--- EXERCISE REQUIREMENTS ---
Type out the complete listing below word for word, without its pictures.

--- RECORDED INFORMATION ---
_ _ _ _ _

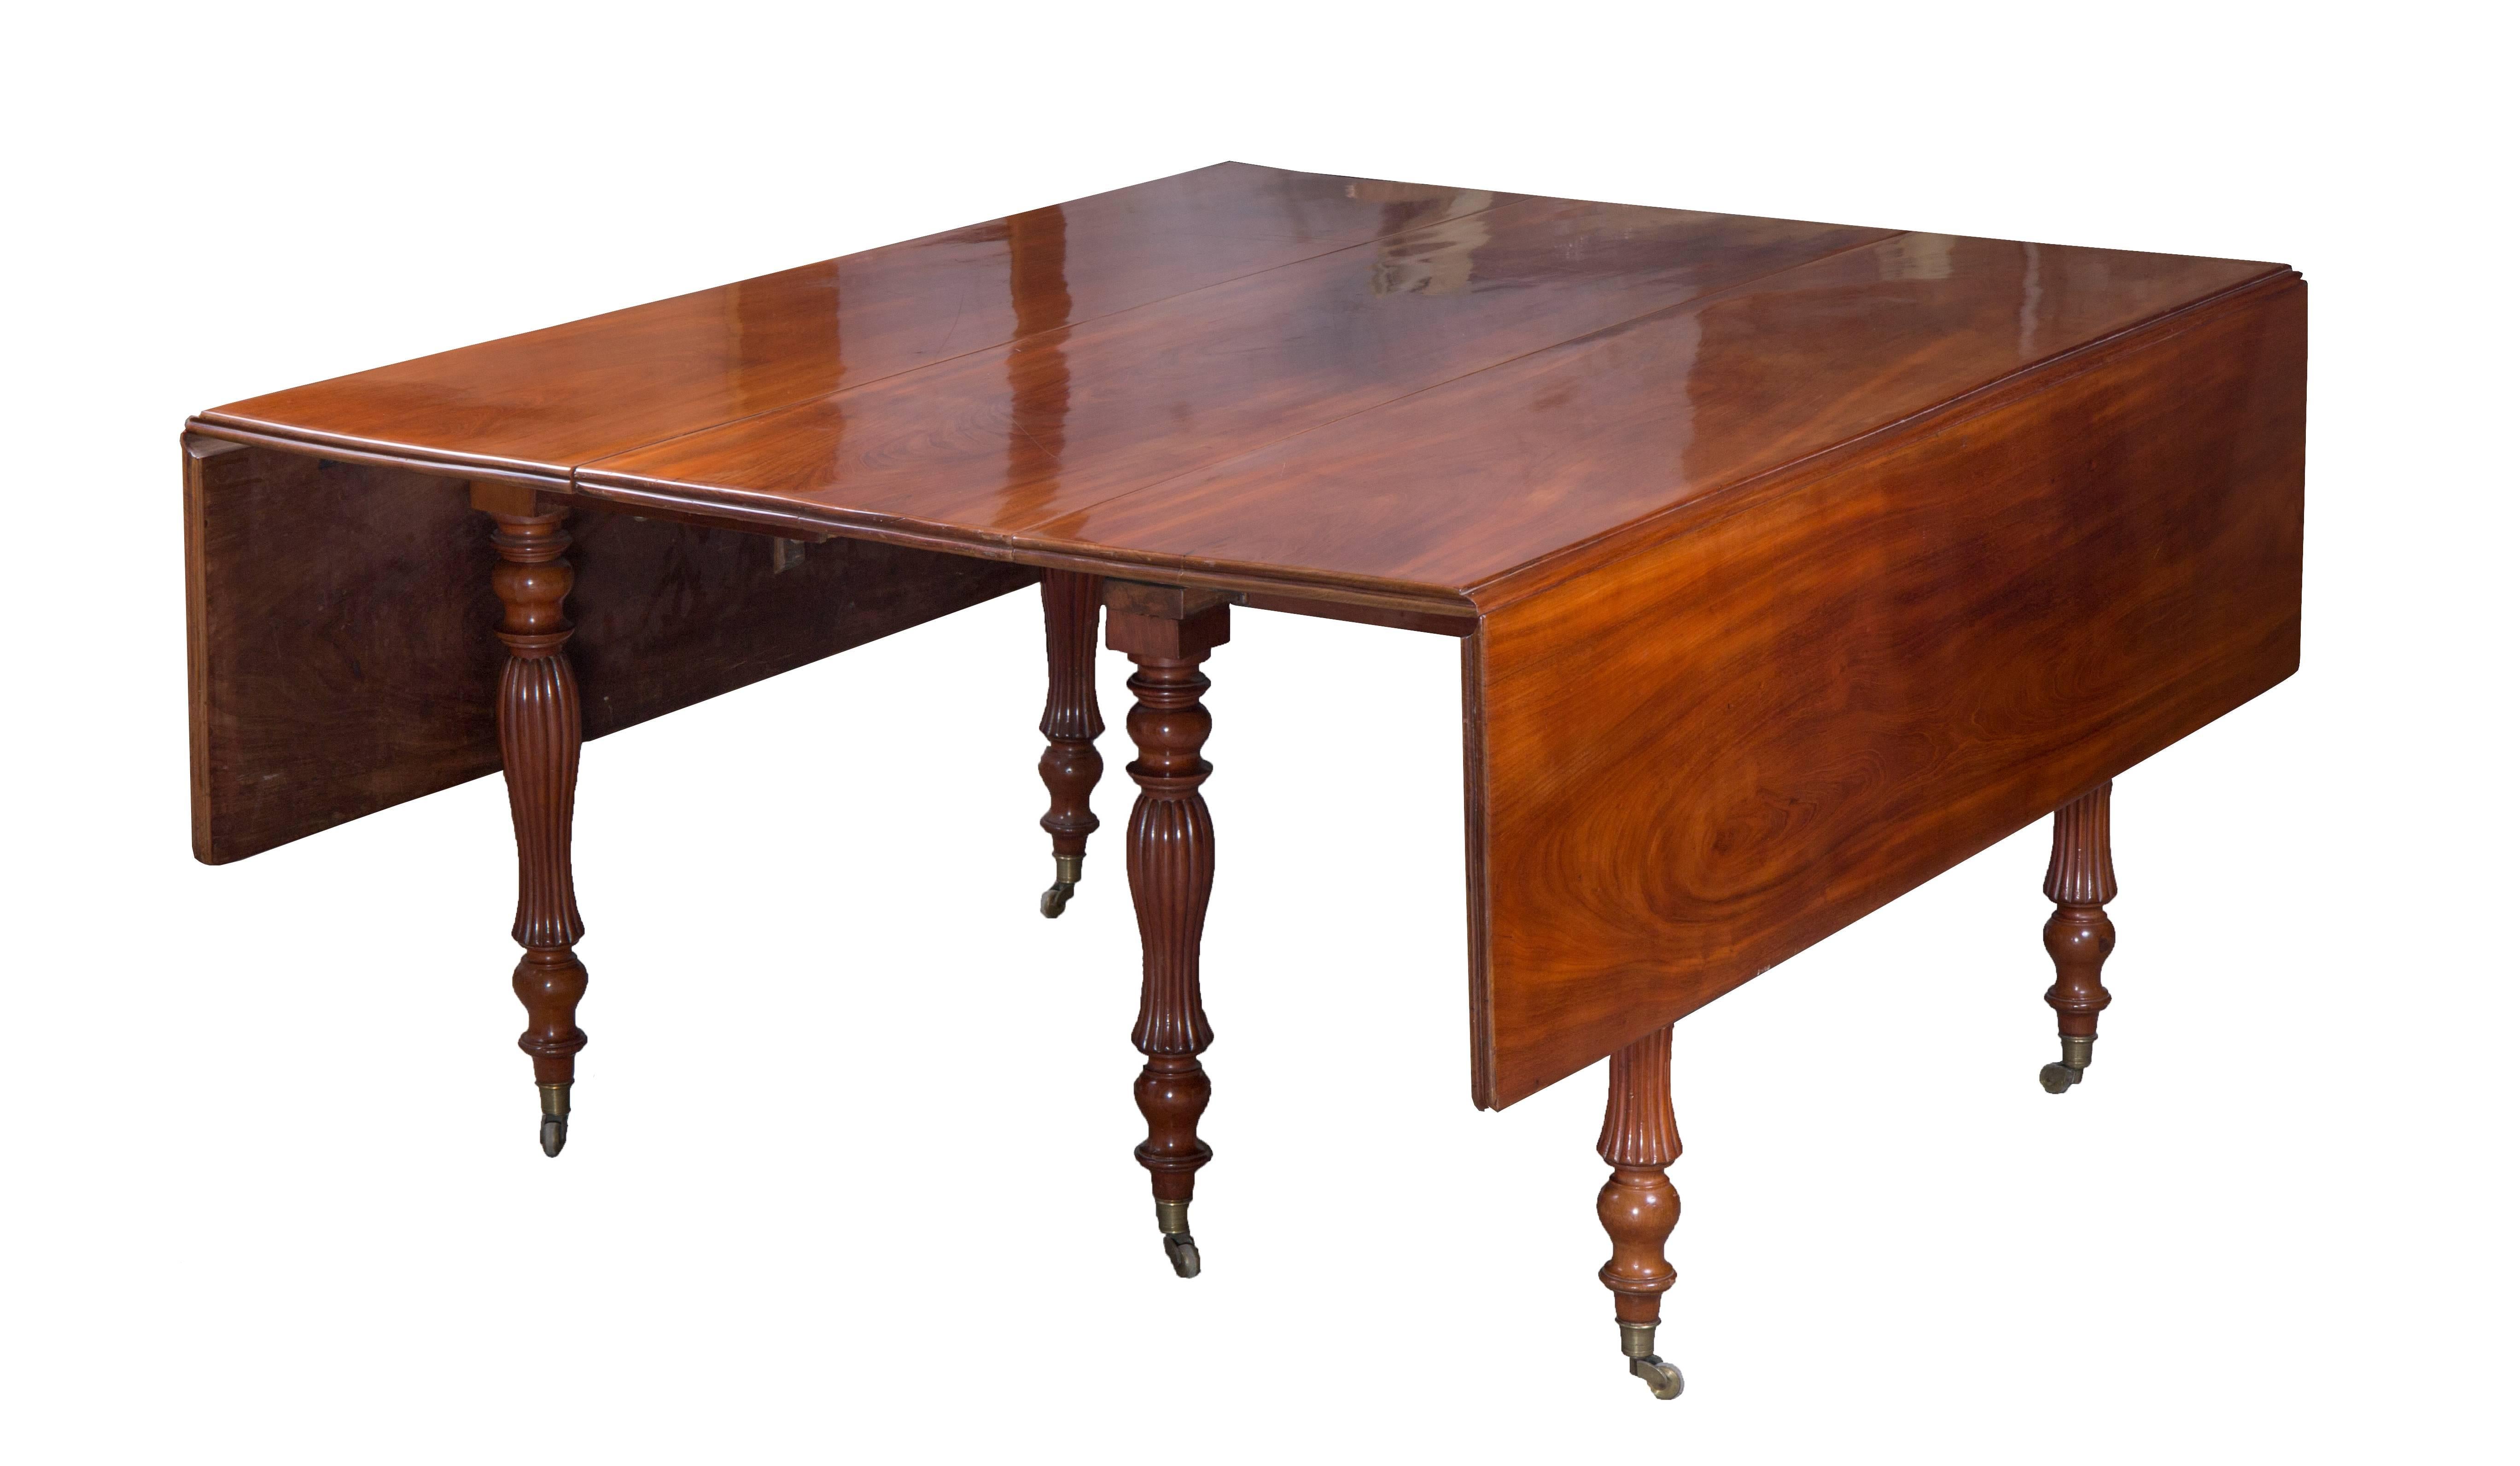 Mahogany veneered, height: 70 cm, extendable with extra leaves to 515 cm.
Edges moulded, legs sophisticated turned with brass endings, fold down, with two extra leaves.  
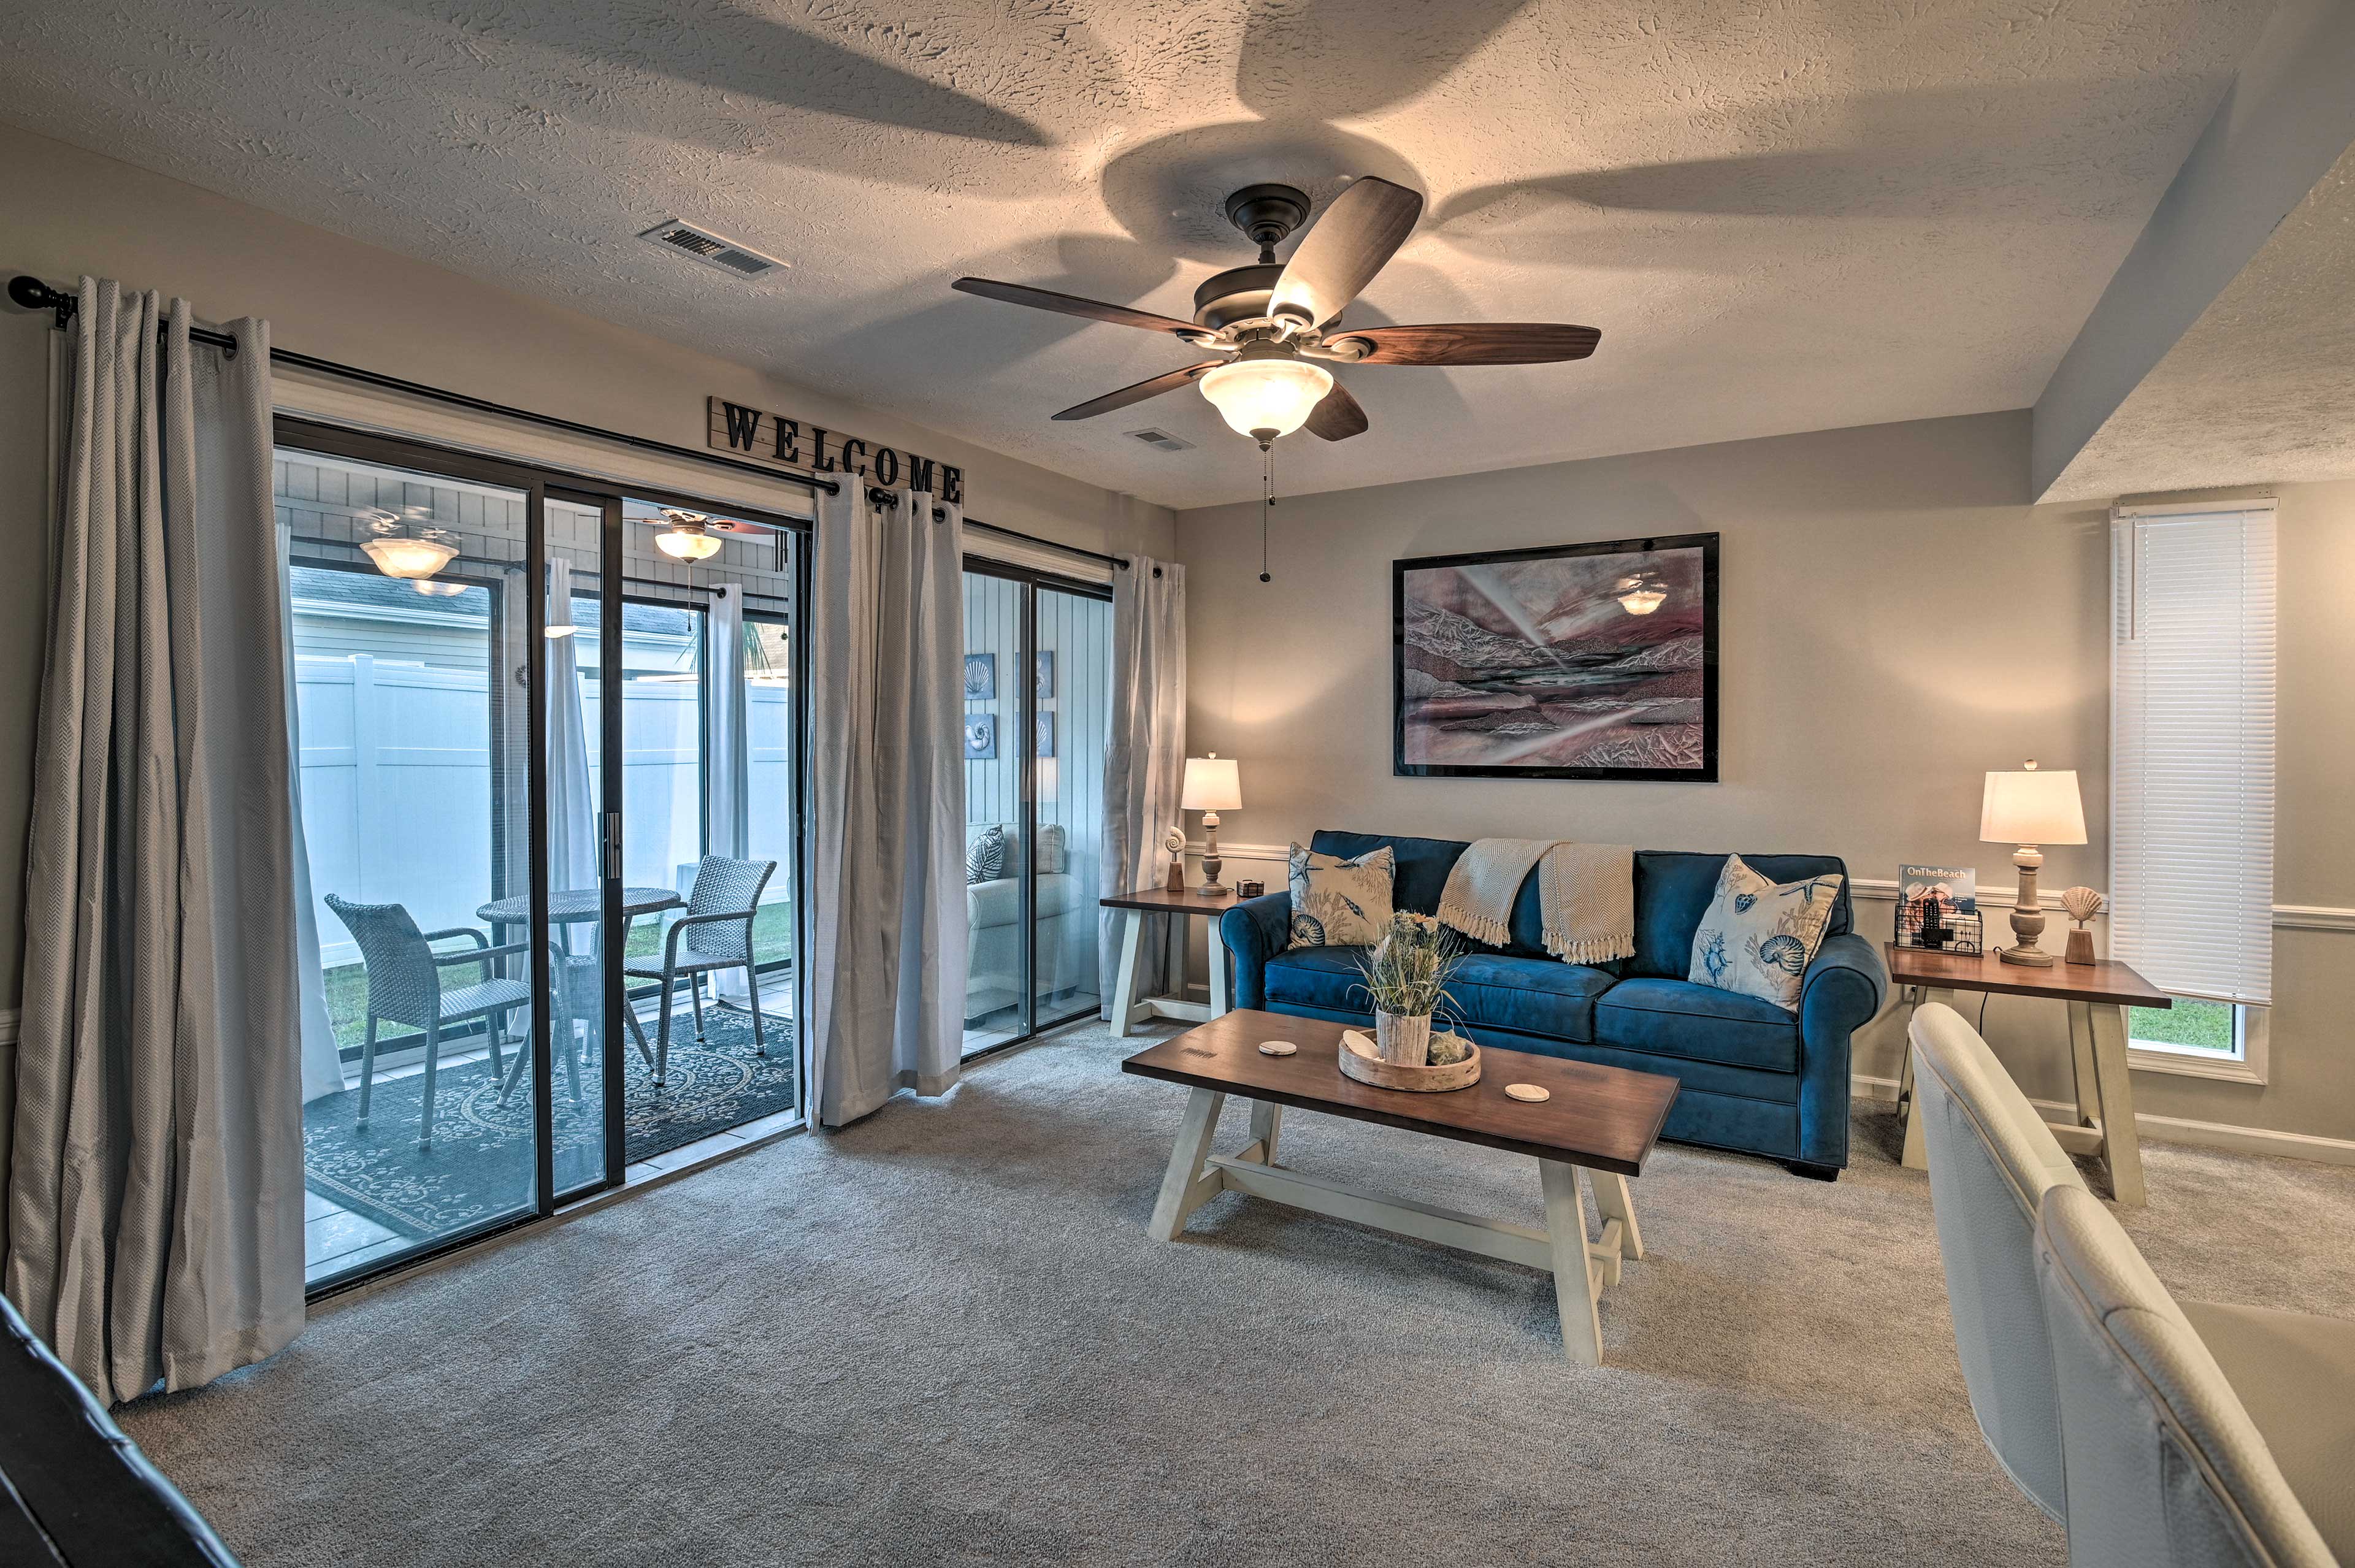 Myrtle Beach Vacation Rental | 1BR | 1BA | Step-Free Access | 1,074 Sq Ft

_ _ _ _ _

--- EXERCISE SOLUTION ---
 Mahogany veneered, height: 70 cm, extendable with extra leaves to 515 cm.
Edges moulded, legs sophisticated turned with brass endings, fold down, with two extra leaves.  
 Myrtle Beach Vacation Rental | 1BR | 1BA | Step-Free Access | 1,074 Sq Ft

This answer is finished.